Top of Source material
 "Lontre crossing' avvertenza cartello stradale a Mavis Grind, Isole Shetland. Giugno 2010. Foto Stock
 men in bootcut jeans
Bottom of Source material
Top of Source material
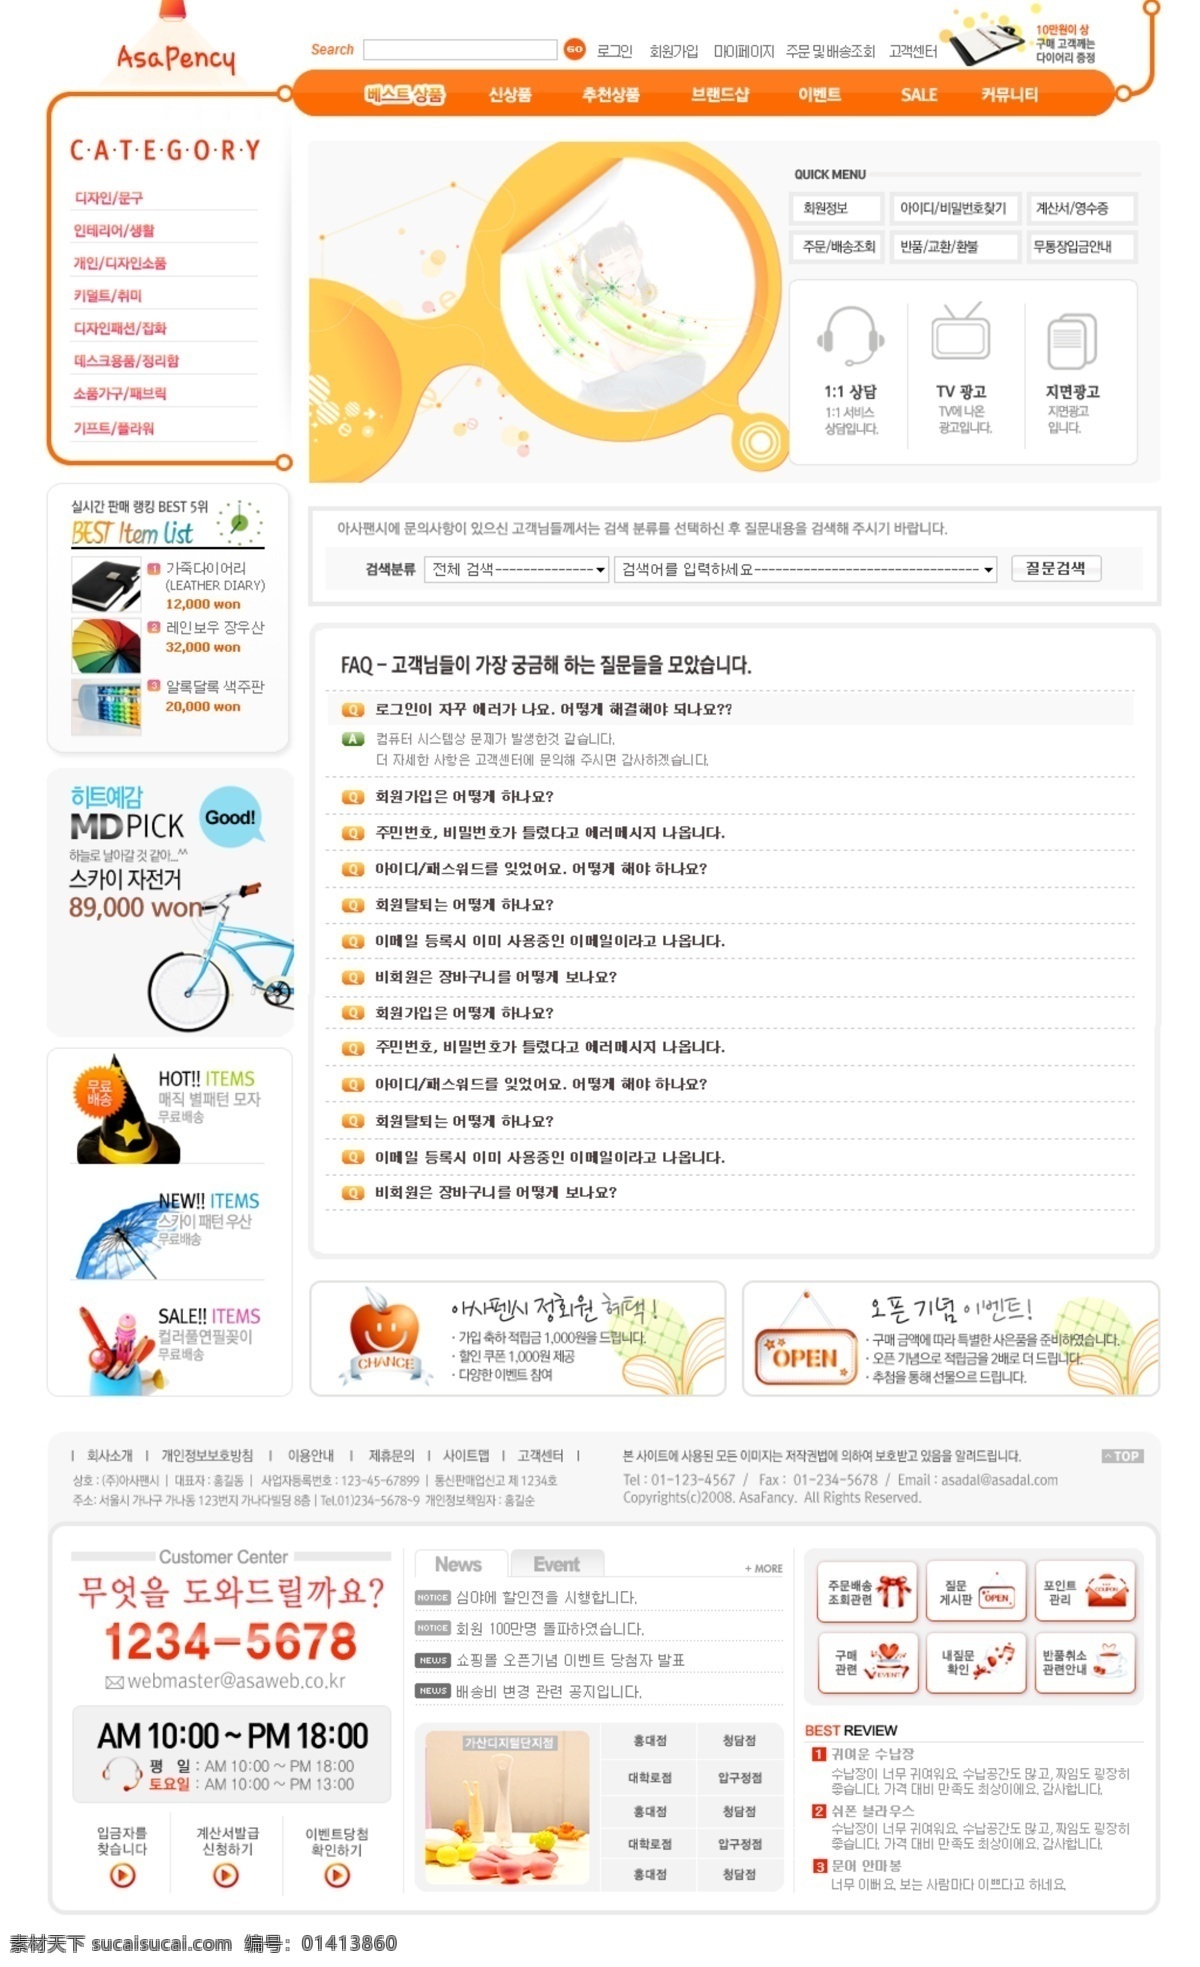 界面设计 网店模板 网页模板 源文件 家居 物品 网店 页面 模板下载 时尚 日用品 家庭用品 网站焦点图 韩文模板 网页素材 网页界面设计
Bottom of Source material
Top of Source material
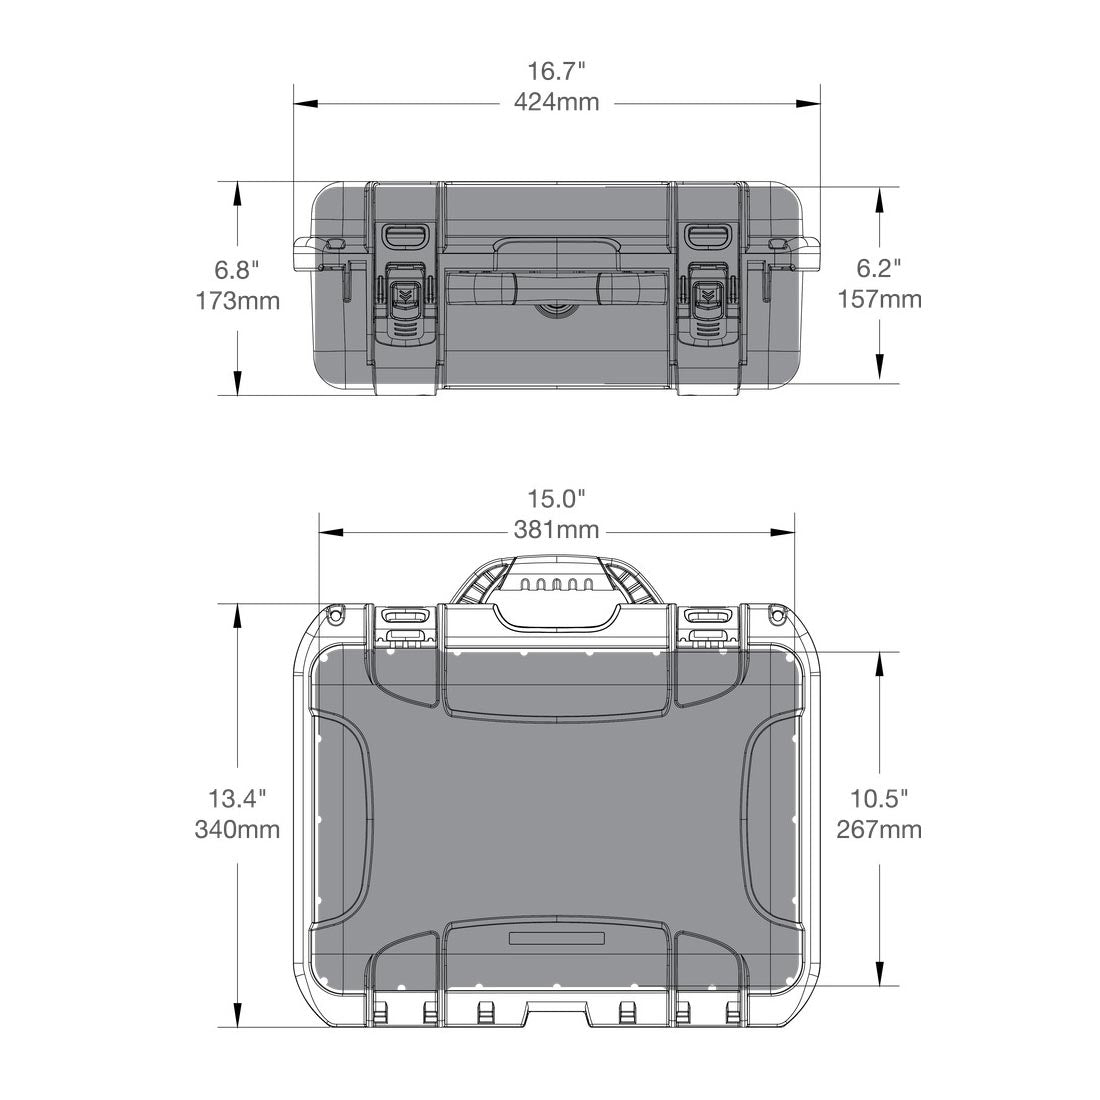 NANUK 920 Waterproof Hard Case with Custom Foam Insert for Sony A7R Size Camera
Bottom of Source material
Here the job is to set down exactly the lines of the material above that fall between the one with "2010. Foto Stock" and the one with "men in bootcut jeans", inclusive, and nothing beyond them.

* **Your solution**:
 "Lontre crossing' avvertenza cartello stradale a Mavis Grind, Isole Shetland. Giugno 2010. Foto Stock
 men in bootcut jeans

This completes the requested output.